TASK REQUIREMENTS:
Without reproducing any image, print the listing below exactly.

DATA EXTRACT:
<<<<
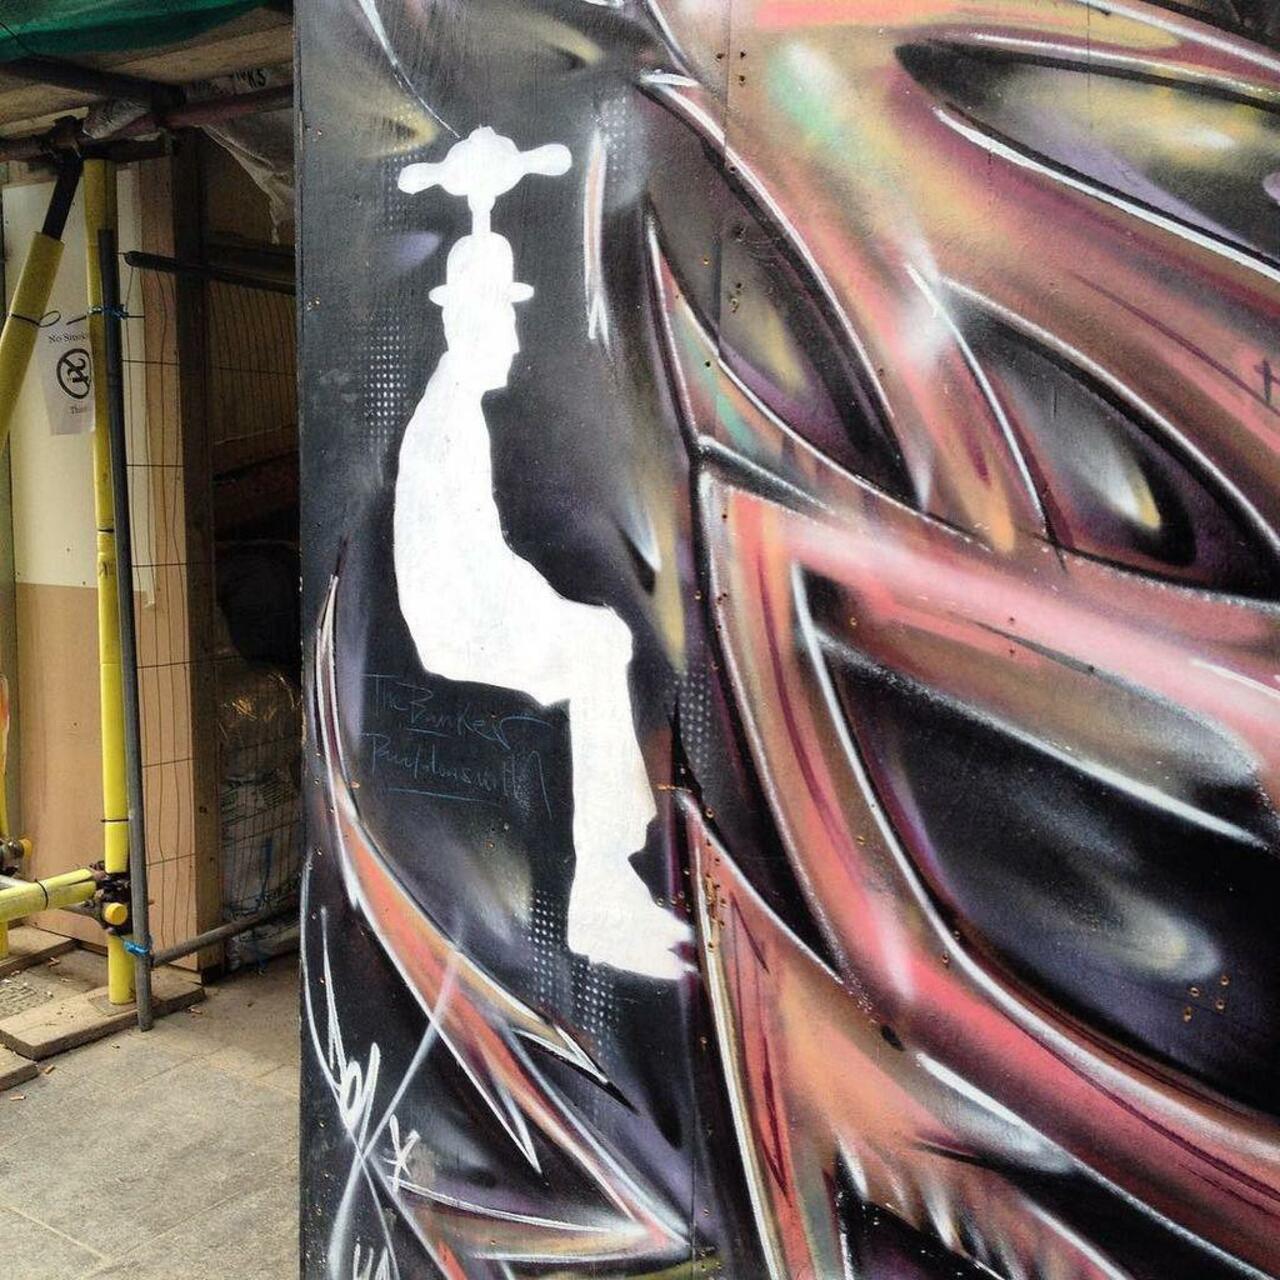 StArtEverywhere: #streetart #streetartlondon #graffiti #london #thisislondon by isadarko http://t.co/d2gESqIlJ6
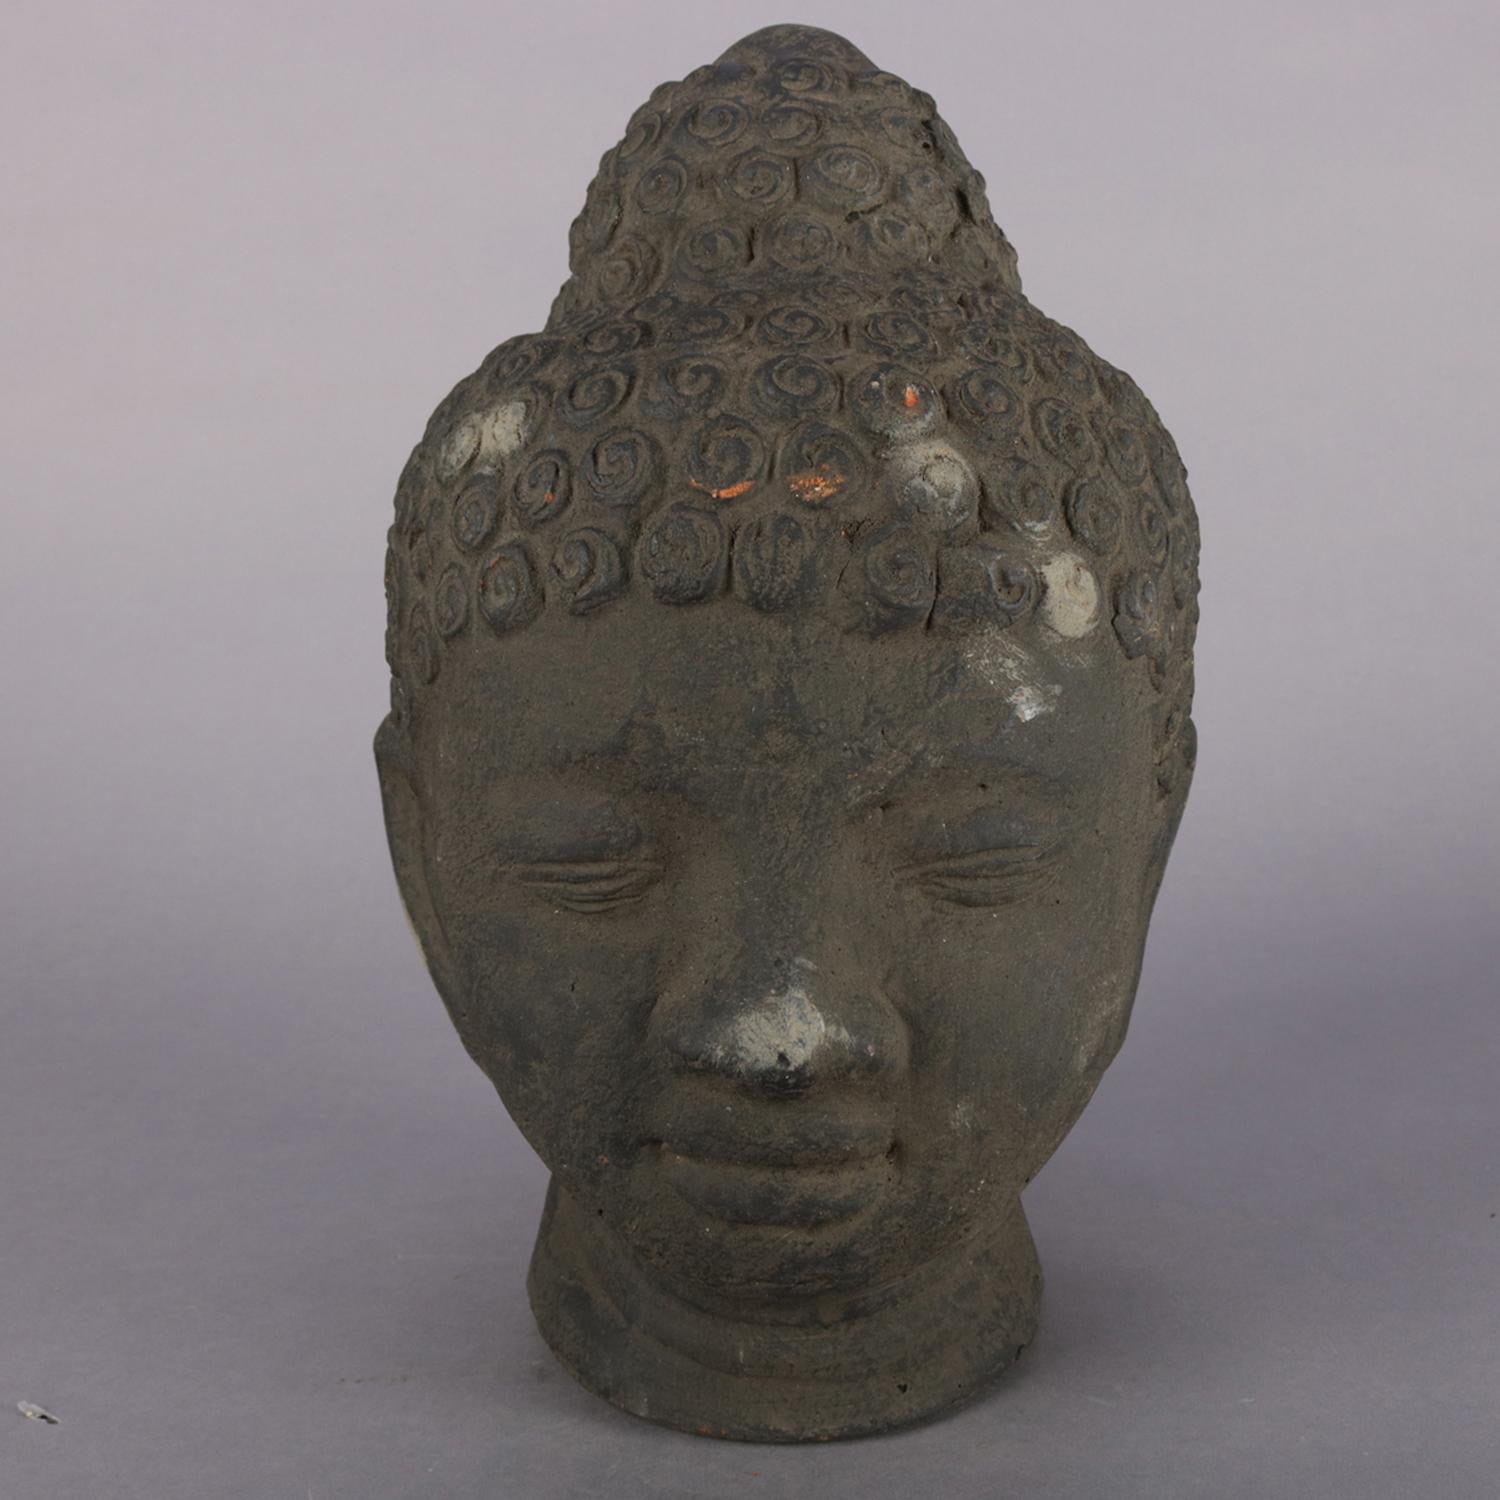 Ebonized terracotta head sculpture features meditating Shakyamuni Buddha, 20th century.

Measures: 13
>>>>
ANSWER BELOW:
 StArtEverywhere: #streetart #streetartlondon #graffiti #london #thisislondon by isadarko http://t.co/d2gESqIlJ6
 Ebonized terracotta head sculpture features meditating Shakyamuni Buddha, 20th century.

Measures: 13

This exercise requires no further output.